Caspase-3-dependent apoptosis and pyroptosis can promote the removal of stressed, damaged, transformed or infected cells, and play a very important role in the development and treatment of tumors (Fig. 3). For a long time, apoptosis has been considered closely related to tumor treatment and prognosis. However, with the wide application of drugs, the anti-apoptotic ability of tumor cells is gradually enhanced. At the same time, pyroptosis, as a new inflammatory cell death mode, has entered the stage. Caspase-3 has been found to be a common key protein of apoptosis and pyroptosis in studies that aimed at improving cancer treatment with drug resistance. It is not only the terminal executor of apoptosis, but also has a pro-inflammatory effect. Therefore, caspase-3 can link apoptosis and pyroptosis, reducing the anti-apoptotic properties of tumors. The caspase-3/GSDME signal pathway as a “switch” that can shift the balance between apoptosis and pyroptosis in cancer. When GSDME is highly expressed, caspase-3 can cleave GSDME to trigger pyroptosis, otherwise, it triggers apoptosis. Although pyroptosis enhanced drug sensitivity, reduced the anti-apoptotic properties of tumors, and enhanced the anti-tumor immunity, high expression of GSDME could also increase the side effects of chemotherapy. And pyroptosis can release inflammatory cytokines that cause inflammatory carcinogenesis, but not enough to cause cancer progression.

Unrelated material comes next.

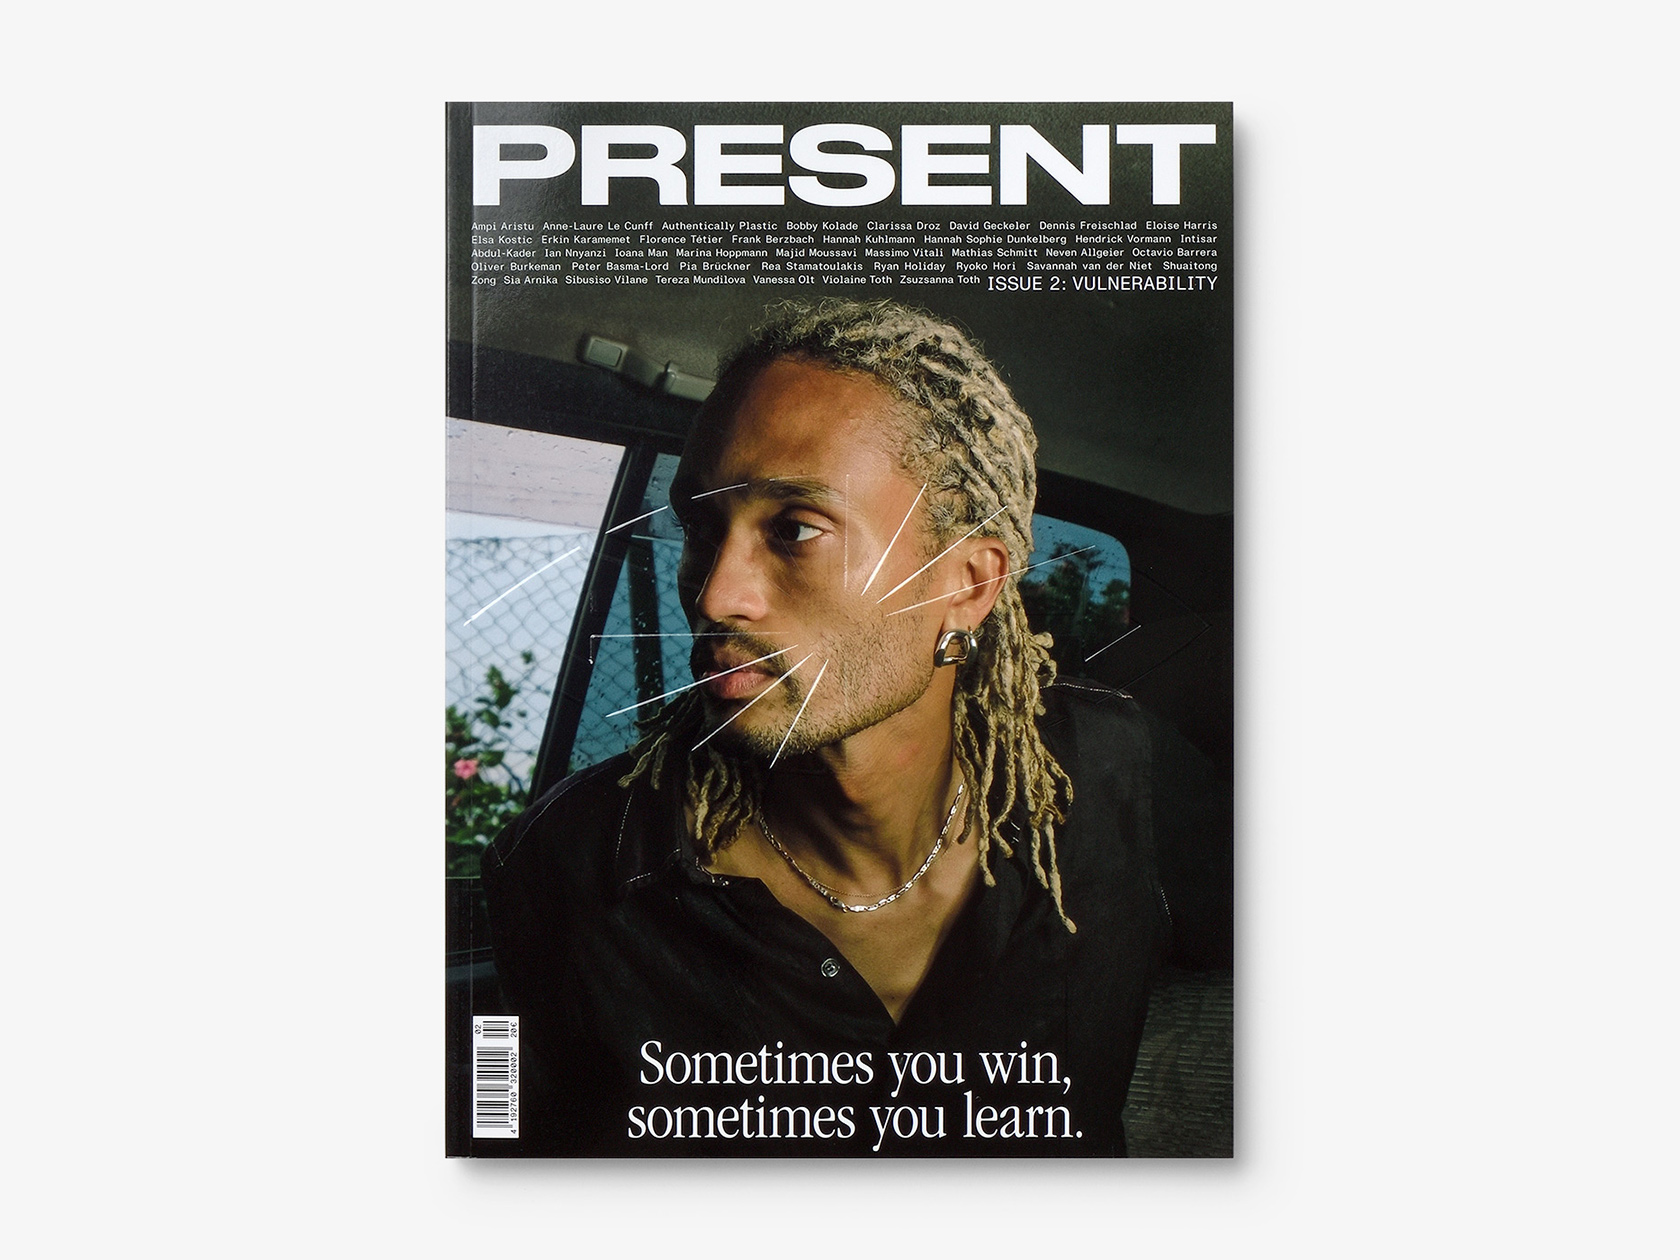 Take a dive into the second issue of PRESENT which explores the role of vulnerability in creative processes

Therefore, there are still many problems for further study on caspase-3 and GSDME. Besides, studies have confirmed that caspase-3-dependent pyroptosis is secondary to necrosis after apoptosis. Furthermore, in tumor cells with low GSDME expression, the DNA methyltransferase inhibitor Decitabine, can inhibit the hypermethylation of its promoter to increase the expression of GSDME in tumor cells and induce pyroptosis. Above all, it has great research value for caspase-3/GSDME.

Fig. 3

Graphical model of the effect of various molecules on caspase-3 dependent tumor cells death. The tumor supressor effect produced by these molecules uses caspase-3 as the hub to link apoptosis and pyroptosis.

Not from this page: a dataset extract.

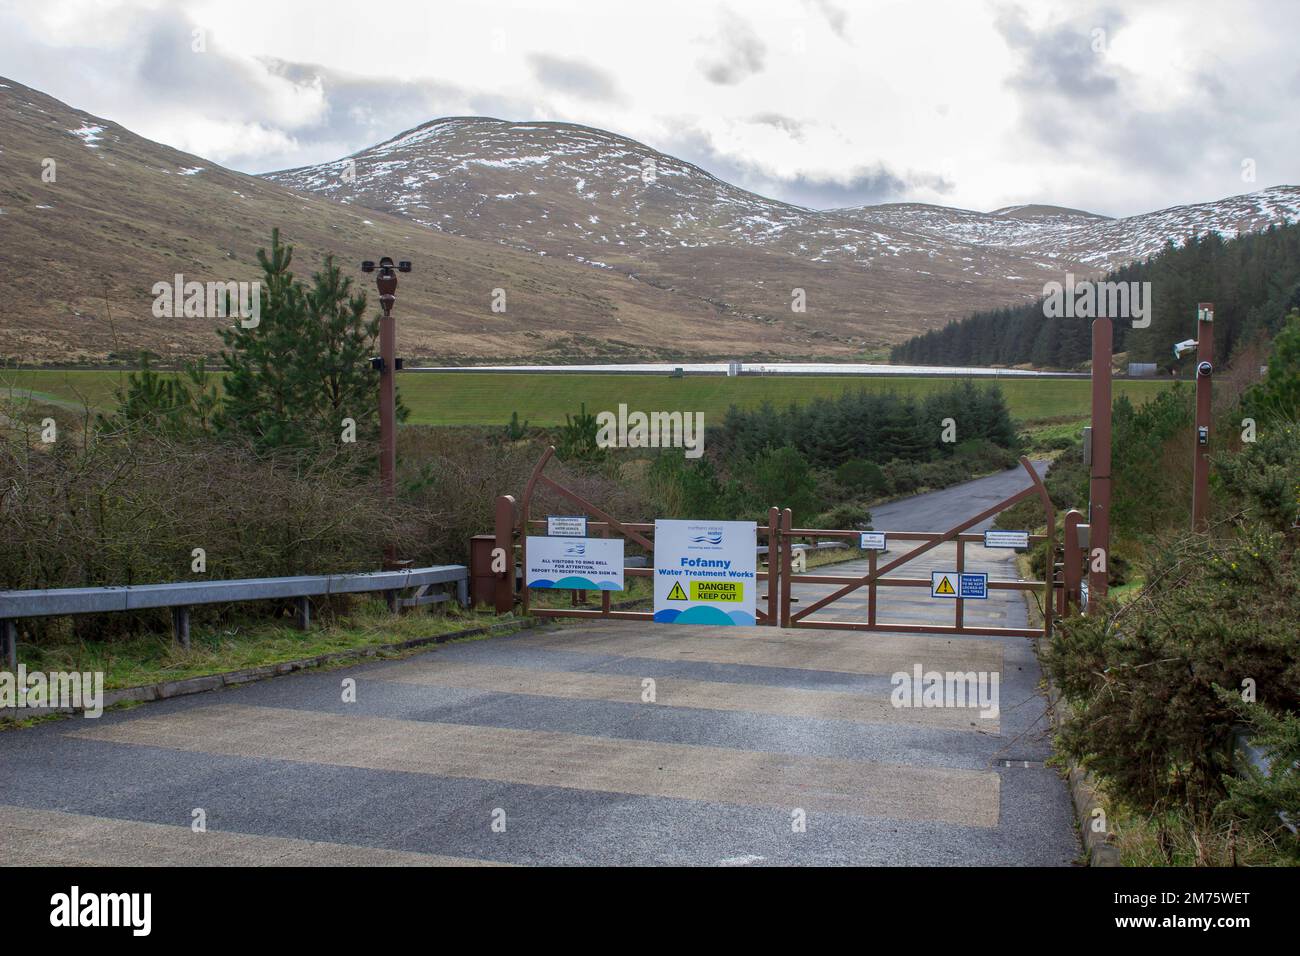 31 Jan 2018 The security gates at the entrance to the Fofanny Water treatment Works near Slieve Bernagh in the Western Mournes in county Down Northern Stock Photo

Our understanding of the role of caspase-3 in cancer is still limited, and the mechanisms of how caspase-3 affects cancer cells are not fully understood. The challenge for the future is to continue to understand the molecular details of caspase-3-dependent cell death and how these details improve the prospects for cancer treatment. We need to further elucidate the anti-cancer mechanism of caspase-3, deepen the understanding of the role of apoptosis and pyroptosis in tumor growth and proliferation, and facilitate the development of more effective anticancer drugs. How to find a balance point to utilize caspase-3/GSDME-mediated pyroptosis for cancer treatment is an open question and needs more further investigaions.